To You, Street Trees

Curbed in
concrete and asphalt,
rooted beneath impermeable
surfaces of human engineering,
yet still,
you tower,
you arch overhead,
tickling third-story windows,
holding nests
and sunlight
in your crowns.

Thank you.

Thank you street trees
for the visual rest of your complexity
in a straight-lined urbanity.

Your branches trace dark lines,
earth’s signature,
on gray winter sky,
laying fleeting shadows across my face,
greening hope with
spring’s lengthening days,
tempering summer’s hottest heat,
capturing dust and smoke and industrial crap
in the generosity of your vast foliar surface area.

Thank you for cooling, for cleaning,
for drawing down what we belch and burn.
Thank you for growing.

 

 

To the wide-branching octopus arms of
Oregon White Oak atop College Hill on Lincoln street;
and, to the Catalpa on University street,
blowing tropical trusses into the phone-sucked
faces of college kids;
and, to the tunnel of green on Jefferson,
Linden, Maple, Horsechestnut,
under you,
autopilot driving becomes a chance to breathe,
in and out;
and to the downtown heritage Big Leaf Maples,
sidewalks curve and lift to make room for your boles,
your elephantine girth;
to you, all you big, old street trees,
I bow.

 

 

And,
to the young ones,
the Oak sapling I planted
on my lucky 43rd birthday,
inching up and out,
barely taller now than my truck
parked nearby;
and to the Golden Raintree
stick of potential on 1st,
may you be safe from lashing
impulses of the mentally unwell;
and to all the children of Friends of Trees,
lovingly staked, labeled, and mulched;
to you, all you hopeful youth,
woods of the future,
I bow.

City living,
rich in culture,
accessible in concrete,
climate in crisis,
is whole only in the presence of
good, healthy generations of trees.

 

 

Trees of the Future

Recently I heard the charmingly accented lecture of Swedish author, horticulturist, and tree researcher Henrik Sjöman. He quoted, of all people, Mike Tyson, who once said “Everybody has a plan until they get punched in the face.”

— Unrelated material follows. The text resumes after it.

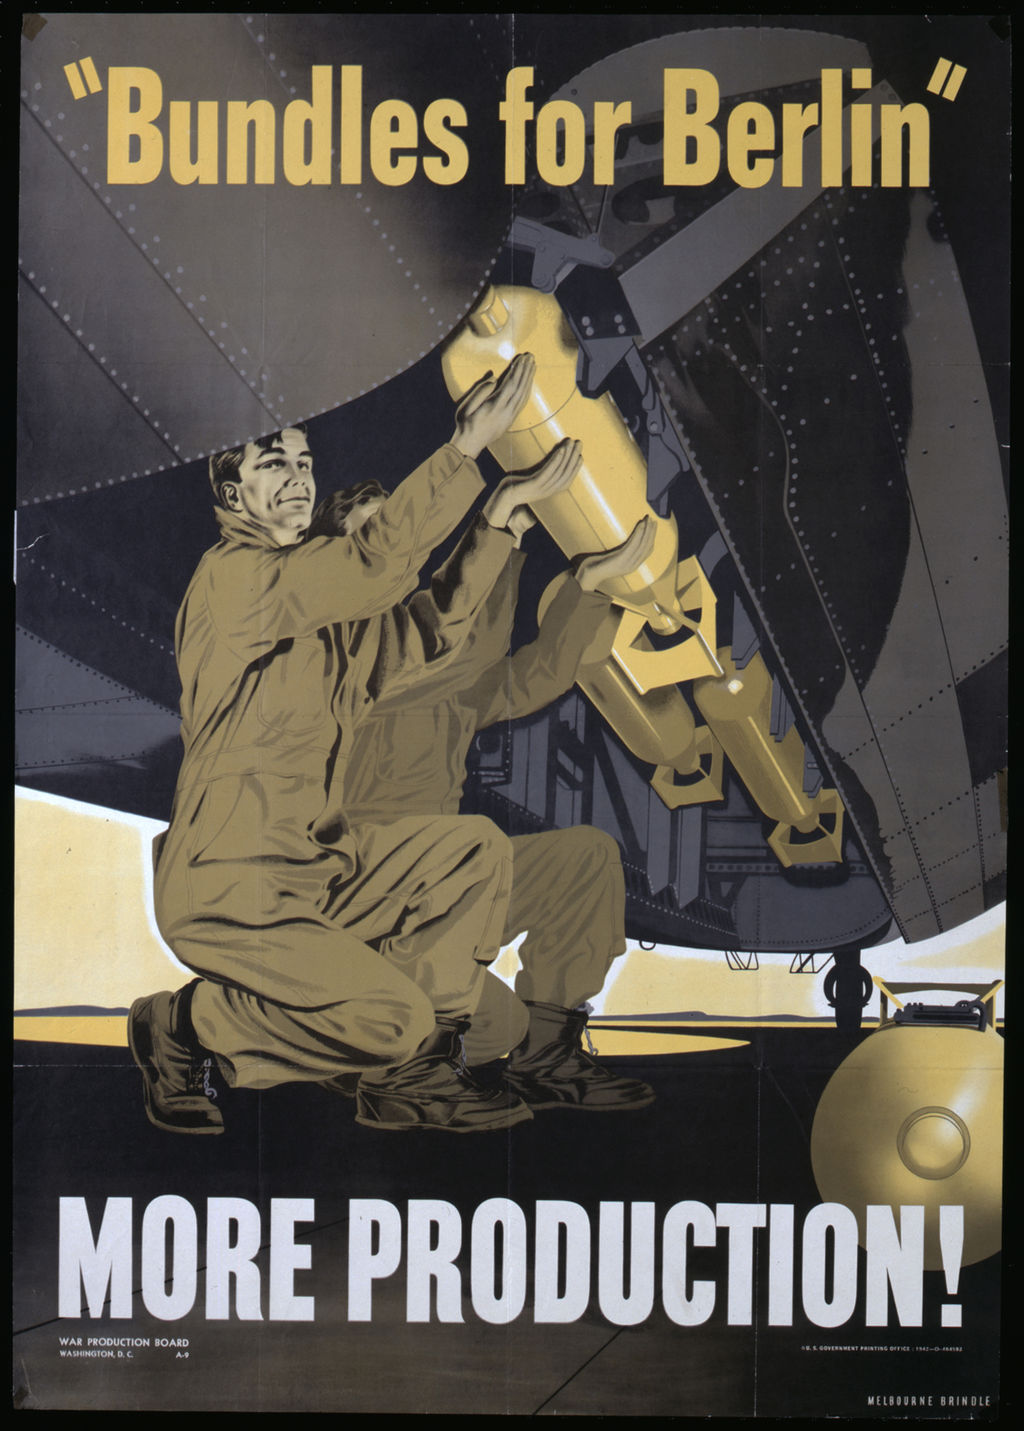 Plakat: "Bundles for Berlin - More Production!", 1942
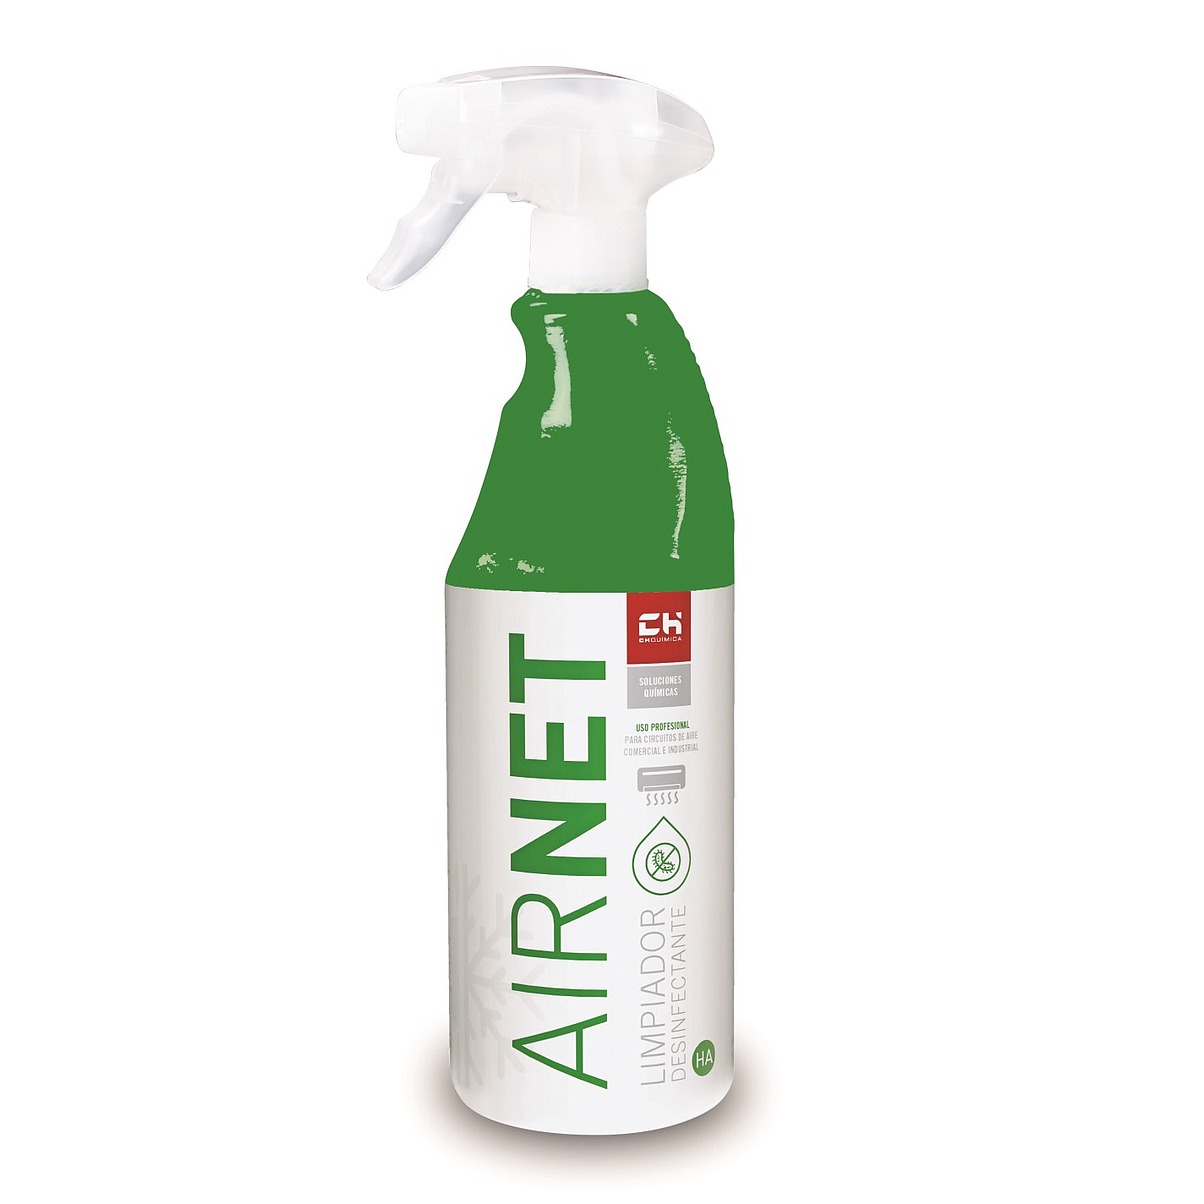 Airnet + Airpur Limpiador Eliminador Olores Aire Acondicionado Coche

The “plan” of an individual tree is coded in its genes, inherited from the evolutionary adaptations of its ancestors. What options does the tree have to adapt to whatever the seasons throw at it? Will it drop leaves to protect itself from water loss in a drought or does it have the cellular ability to withstand less and less water delivered to its leaves from its roots?

Katsura (Cercidiphyllum japonicum), found in the wild along stream banks, never needed to evolve adaptations to drought. As a street tree, we see Katsuras drop their leaves earlier and earlier, and, during the heat dome of 2021, many died. But, other trees like Golden Raintree (Koeltreuteria paniculata) have been prepared over generations of evolution in a drier habitat to withstand long periods without rainfall.

Why does all this matter? As Henrik reminds us, when you shop for a car or a new computer, you do your research. You want to make sure the investment will last a long time, that it will function the way you want, that it won’t require too much maintenance. Taking the same approach to choosing your garden trees, especially in the extreme microclimates alongside streets, is often bypassed. You’re swayed by the beauty of Katsura’s heart shaped leaves, or the memory of your grandmother’s flowering cherry and stop there, asking no further questions.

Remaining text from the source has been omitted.